Treatment includes surgery, chemotherapy and radiation therapy, usually all three combined. Because these cancers arise from the cells lining the blood or lymphatic vessels, they can easily metastasize to distant sites, particularly the liver and lungs.[7] This makes them especially lethal, and an early diagnosis is usually necessary for survival. Even with treatment, prognosis is poor, with a five-year survival rate of 30–38%.[1][3] This is even worse in cardiac angiosarcoma and angiosarcoma of the liver, where prognosis may be as low as three months.[7]

Angiosarcomas make up 1–2% of soft tissue sarcomas, which in turn make up less than 1% of adult cancer.[2] Due to this, no large studies have ever been published on the disease, with few exceeding even 100 patients; however, many case reports and small cohort studies have been published, and they cumulatively provide enough information to get a useful understanding of the disease.[7] The rate of angiosarcoma is increasing in the US.[6]

Classification

The classification of angiosarcoma is based on both its origin and the underlying risk factors that may have contributed.[7] This is not a comprehensive list and case reports often go into further depth.[3]

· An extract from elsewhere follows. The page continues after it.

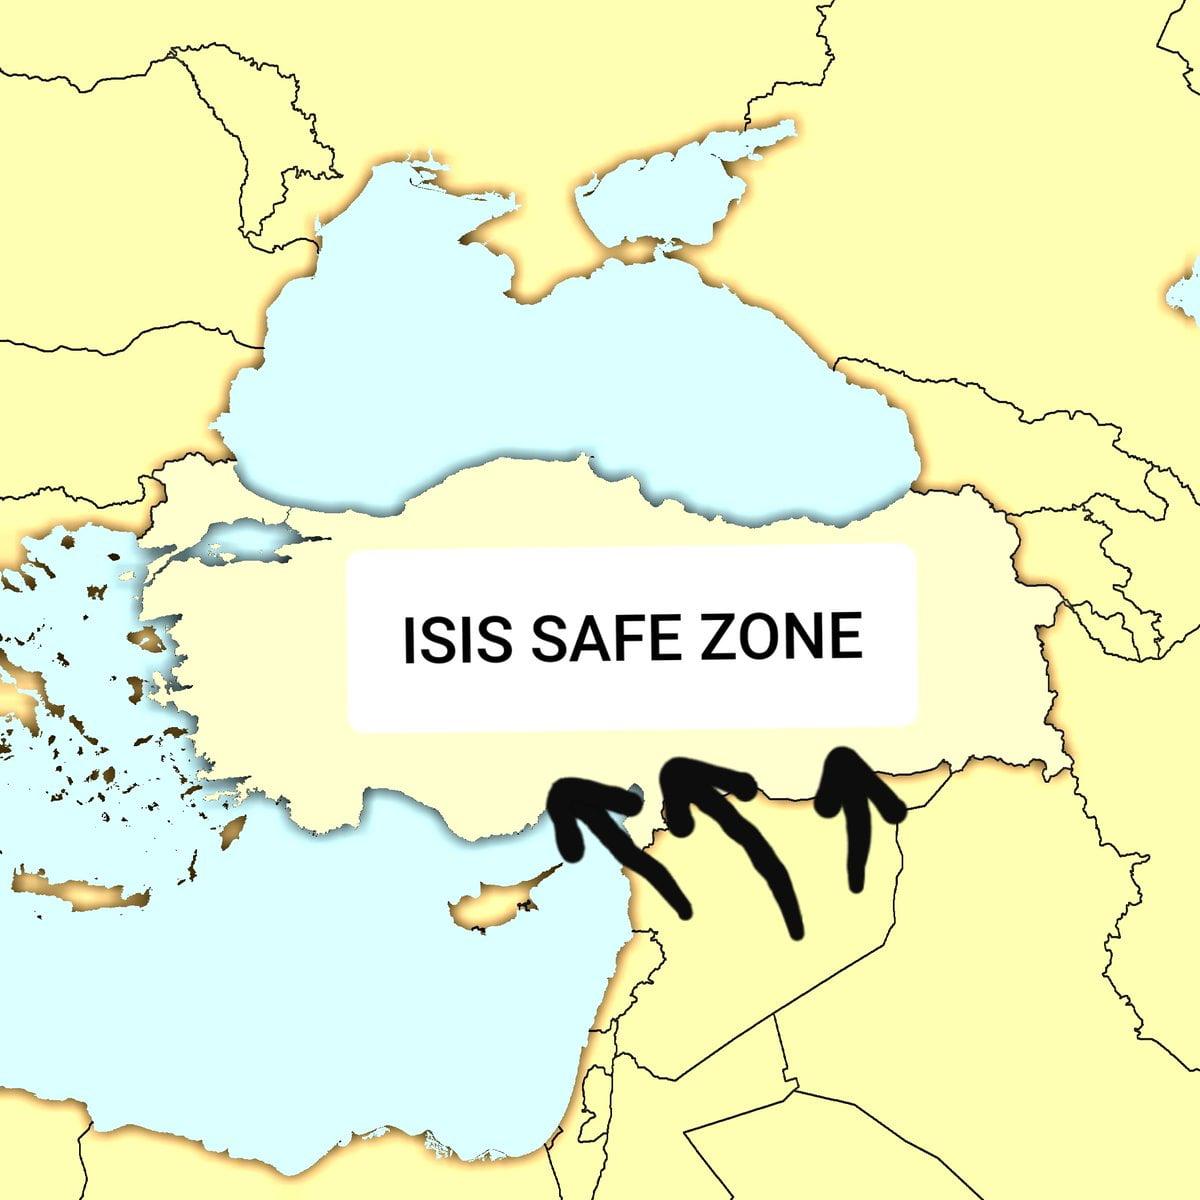 Αυτός ο χάρτης λέει αλήθειες – Η Τουρκία είναι ο βασικότερος υποστηρικτής του ISIS

Primary cutaneous angiosarcoma

Angiosarcoma in the skin (usually the head or neck and specifically the scalp) with no underlying risk factors such as lymphedema or radiation therapy.[citation needed]

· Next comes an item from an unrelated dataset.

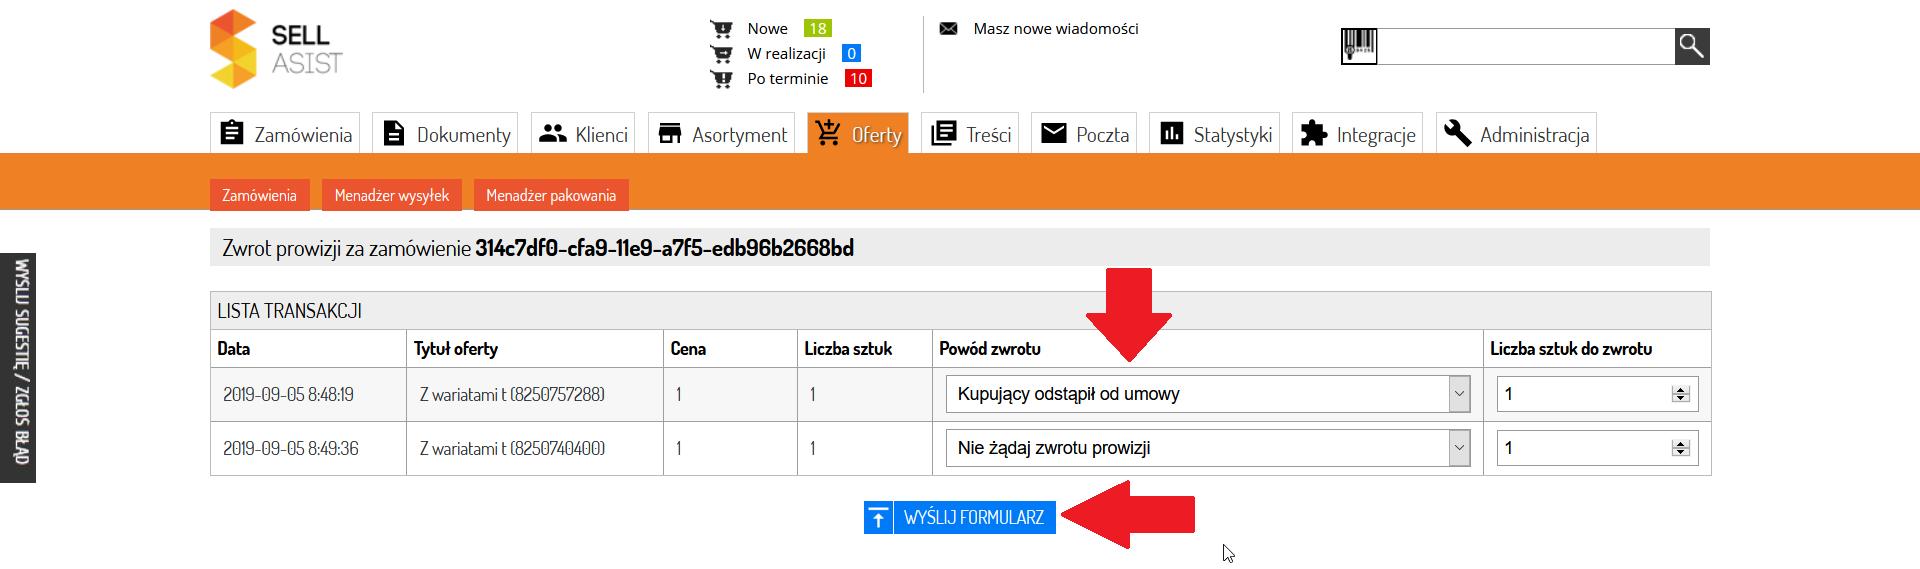 Jak Anulowac Zamowienie Oczekujace I Uzyskac Zwrot Prowizji Z Allegro Zarzadzanie Sprzedaza Internetowa Integracja Sklepu Z Allego Amazon Ebay

Lymphedema associated angiosarcoma

Also called Stewart-Treves syndrome, it is a lymphangiosarcoma resulting from chronic lymphedema, swelling due to the build up of lymphatic fluid. It typically happens in the breast following a mastectomy that removes the lymph nodes of the breast. However it can happen anywhere.[3][7]

Parenchymal angiosarcoma

Angiosarcoma in parenchymal organs such as the liver, breast or heart. These makes up about 40% of angiosarcoma.[citation needed]

Primary breast angiosarcoma

This refers to angiosarcoma of the breast without underlying causes such as radiation therapy or lymphedema. It is rare and makes up only 0.04% of breast tumors and 8% of breast sarcomas. It is very aggressive, usually presents in younger females and is often noticeable by a palpable mass. Prognosis is poor with a five-year survival between 8 and 50%.[7]

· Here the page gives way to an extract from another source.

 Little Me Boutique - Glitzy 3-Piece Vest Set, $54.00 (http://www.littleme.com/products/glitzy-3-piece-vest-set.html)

Secondary breast angiosarcoma

These are angiosarcoma that arise in the breast from underlying causes such as lymphedema or radiation, usually from radiation therapy for breast cancer. The link between radiation therapy and angiosarcoma has been disputed by some who profess the angiosarcoma is caused by concurrent lymphedema. Secondary breast angiosarcoma tends to have a bad prognosis. Radiation-associated angiosarcoma has a five-year survival of 10 to 54%. Distant metastases are present in 27–42% of individuals and is associated with a far worse prognosis. Other prognostic factors include size of tumor, age and how much can be removed by surgery.[3][7]

Primary brain angiosarcoma

Primary brain angiosarcoma are angiosarcoma that arise in the brain (i.e. not metastasised from elsewhere). They are exceedingly rare with only a few cases reported. Imaging is non specific and differential diagnosis includes most other brain tumors such as gliomas or cavernomas,[3] requiring biopsy to confirm diagnosis, usually after surgery. Prognosis is generally poor with a median survival rate of eight months. However it varies greatly depending on whether or not the tumor has metastasised, some individuals may be rid of the disease following surgery, chemotherapy and radiation therapy.[11]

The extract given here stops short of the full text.